04 · The last-super-admin you cannot delete
A small one, but it is the kind of safety property that saves an event. There has to always be at least one active super-admin, or the organisers lock themselves out mid-competition. A friendly check in the application handles the message, but the real guarantee is a BEFORE UPDATE OR DELETE trigger that atomically counts the remaining active super-admins and raises if the operation would take the count to zero. That makes it race-proof against two admins demoting each other at once, and proof against someone running the UPDATE directly in SQL.
10k
concurrent users in the load target (p95 < 2s, < 1% errors)
19
SQL migrations; the domain lives in the database
40
questions drawn per attempt, quota-balanced by difficulty
1
attempt per person, enforced by a unique constraint
0
anon/authenticated RLS policies: default-deny
5 days
5 zones, one window per day, 8am to 10pm
Learnings
- Default-deny RLS plus an auto-enable event trigger means a forgotten policy fails closed. Combined with revoking EXECUTE on the definer functions from anon/authenticated, it closes the PostgREST direct-access vector. The usual model leaks on a missed WHERE; this one leaks on nothing unless you explicitly open it.
- Ranking under mass ties needs a deterministic tiebreaker even when humans will never see it. Thousands of timeout students share an identical completion time, and non-deterministic row_number() was duplicating and skipping rows across paginated export pages. A unique attempt_id appended to the sort fixed the export, not the leaderboard.
- For a once-a-day stampede, the cheapest request is the one you delete. Collapsing answer-save to a single upsert RPC, finalising abandoned attempts with a set-based cron job, failing rate limits open, and colocating compute with the database were each a few percent that added up to surviving the spike.
- Do timezone-sensitive gating in the database with absolute instants, never with JavaScript date math on a UTC server.

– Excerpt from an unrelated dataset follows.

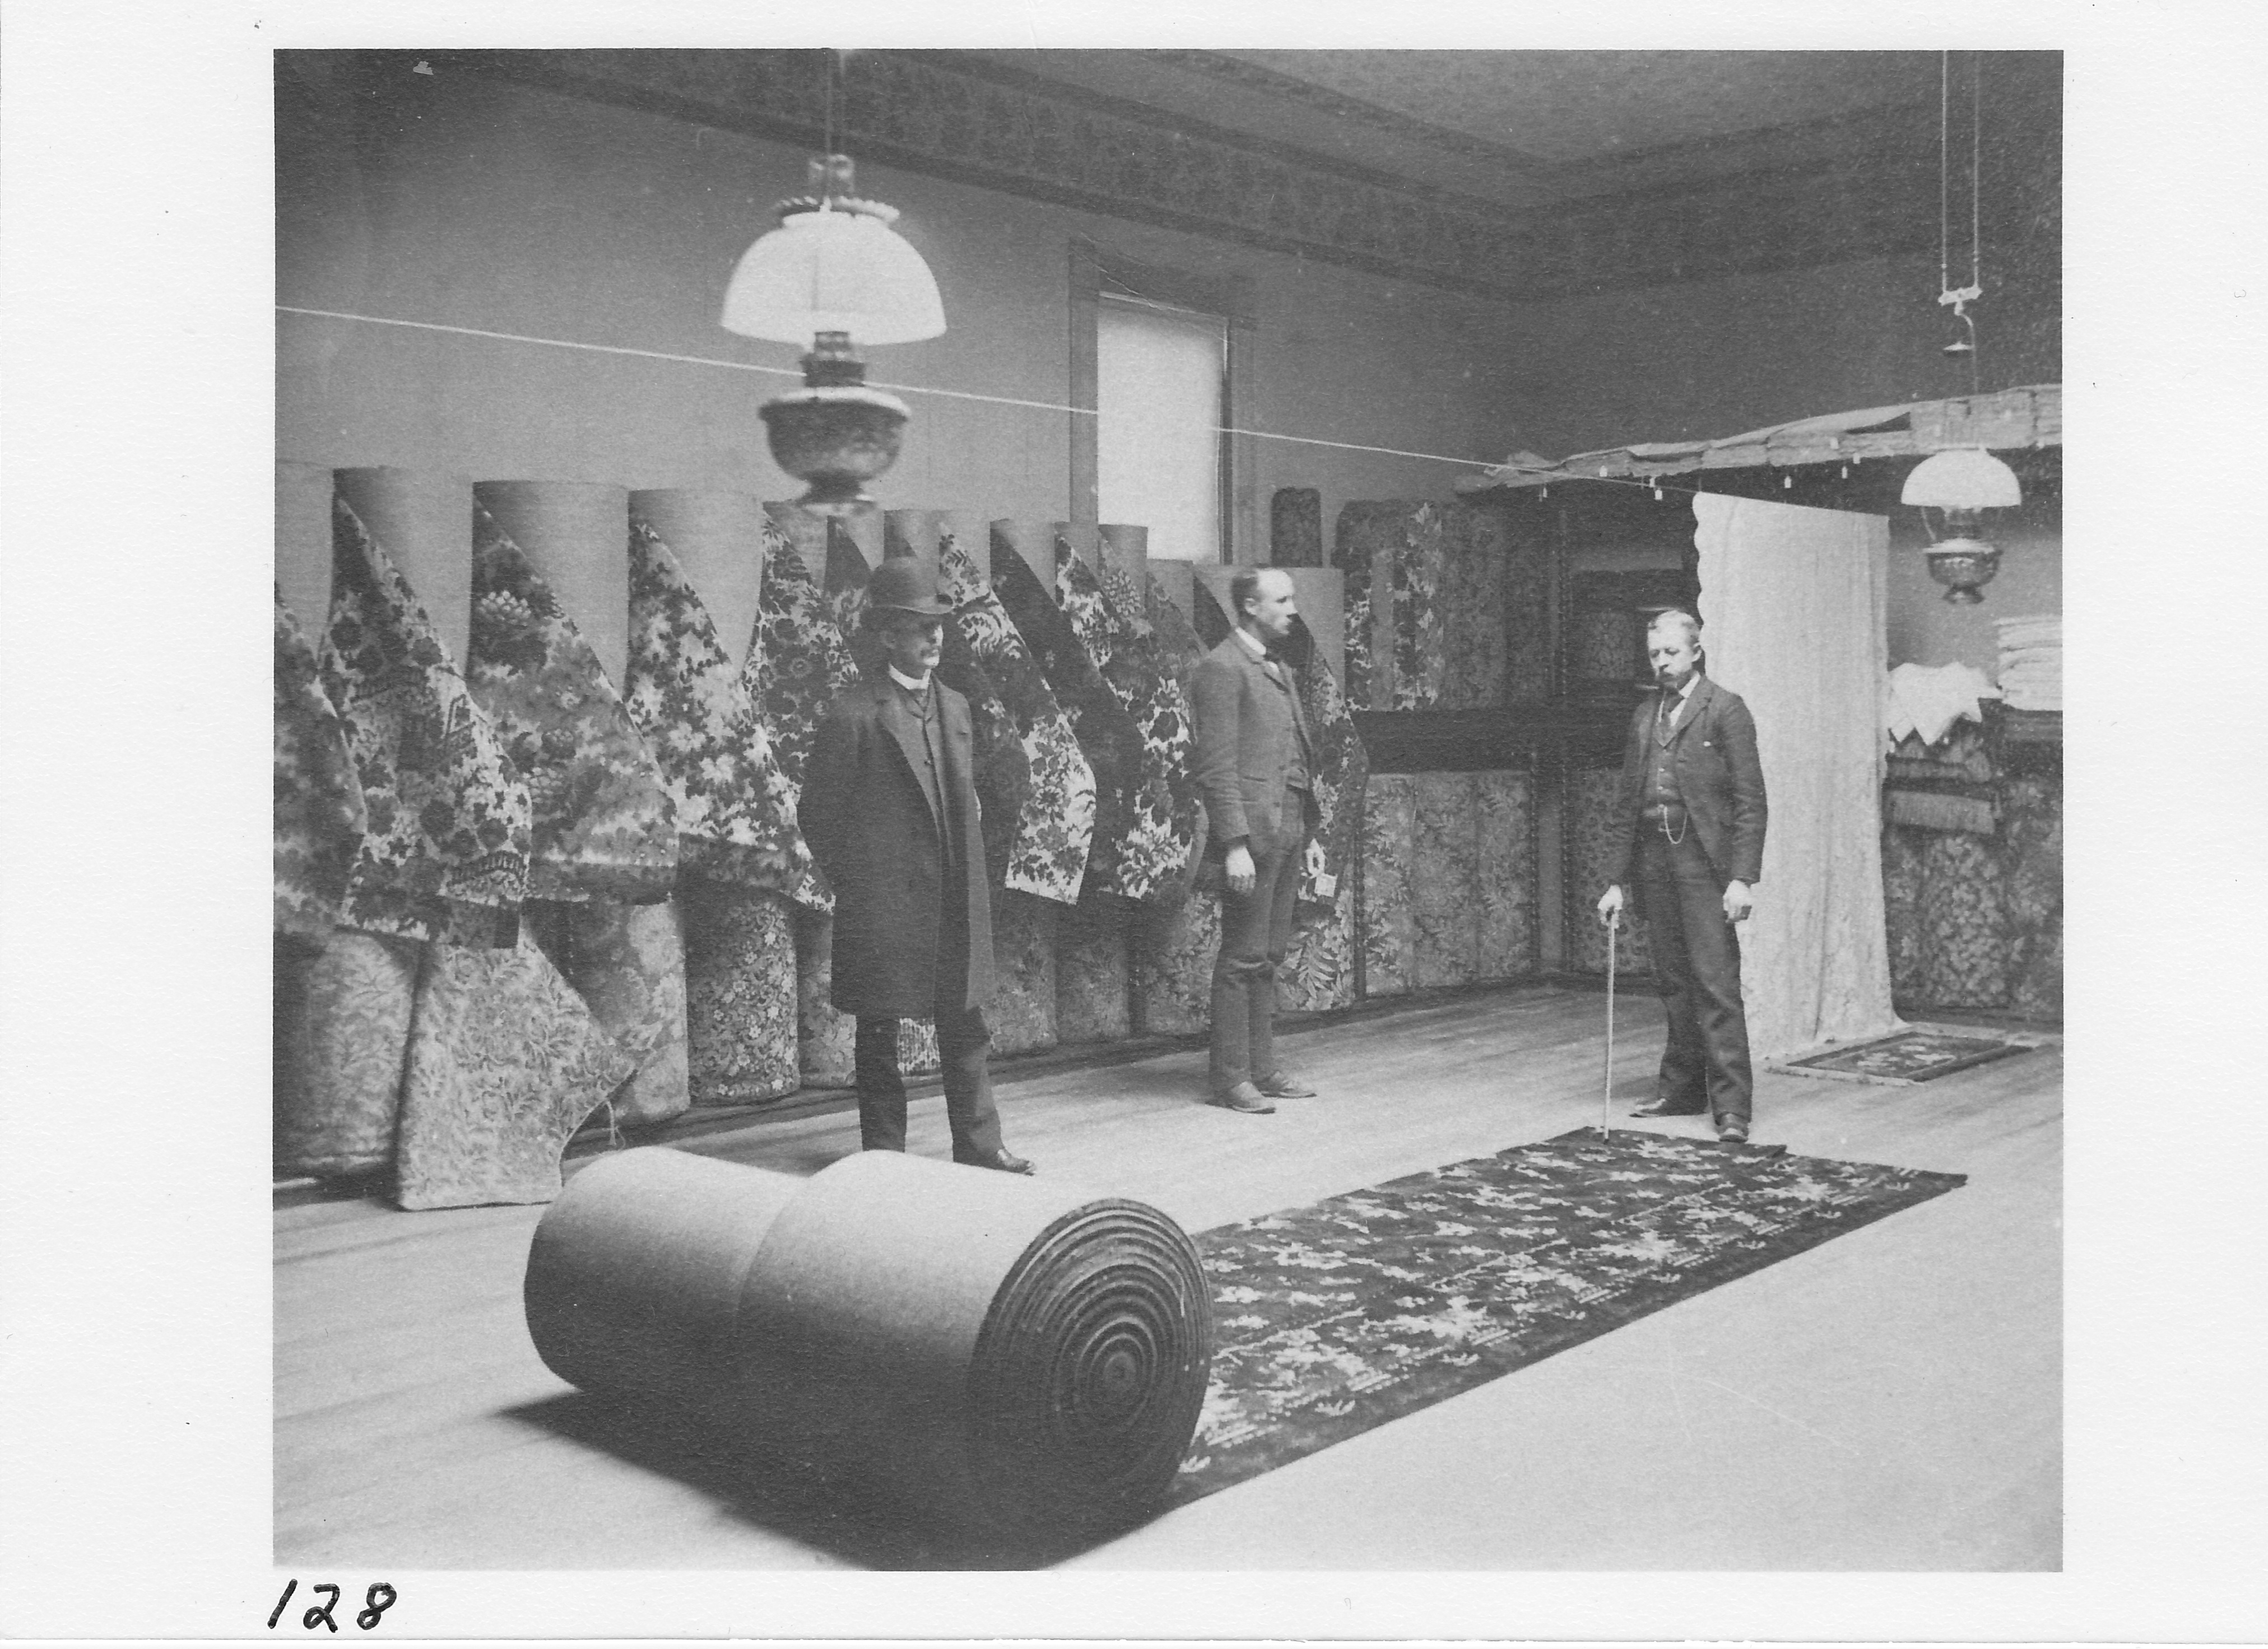 The carpet room in W. W. Crabbs Store.

A dev clock that advances in real time let me test the 10pm cutoff and the 60-minute limit weeks before the event, which is the only reason I trusted them on the day.
FAQ
- Why no auth accounts for participants?
- Because a school-issued education email already is the identity, and creating a full auth account per student would add a stateful, rate-limited dependency on the exact path that takes the stampede. A signed httpOnly cookie (a JWT issued at email entry) carries identity statelessly and cheaply, with the one-attempt-per-person rule enforced by a unique constraint in the database rather than by a session. Admins, who are few and need real account security, use full auth.
- Why put so much logic in Postgres instead of the application?
- Three reasons. Correctness: the deadline re-check, the one-attempt constraint, the quota-balanced question draw, and the ranking all have to be authoritative, and the database is the one place every path goes through. Load: a single SECURITY DEFINER RPC is one round-trip, which matters when a whole zone starts at once. Integrity: with row-level security default-deny and EXECUTE revoked from public roles, there is no way to reach the data except through the functions I wrote.
- How do you know it holds at 10,000 concurrent?
- It was load-tested there. A k6 harness, gated behind a secret endpoint that 404s unless explicitly enabled on non-production, drove smoke, ramp, and a full 60-minute acceptance run at the target concurrency against the service-level objectives (p95 under 2 seconds per action, error rate under 1%). The single-RPC answer path and region colocation came directly out of what those runs showed.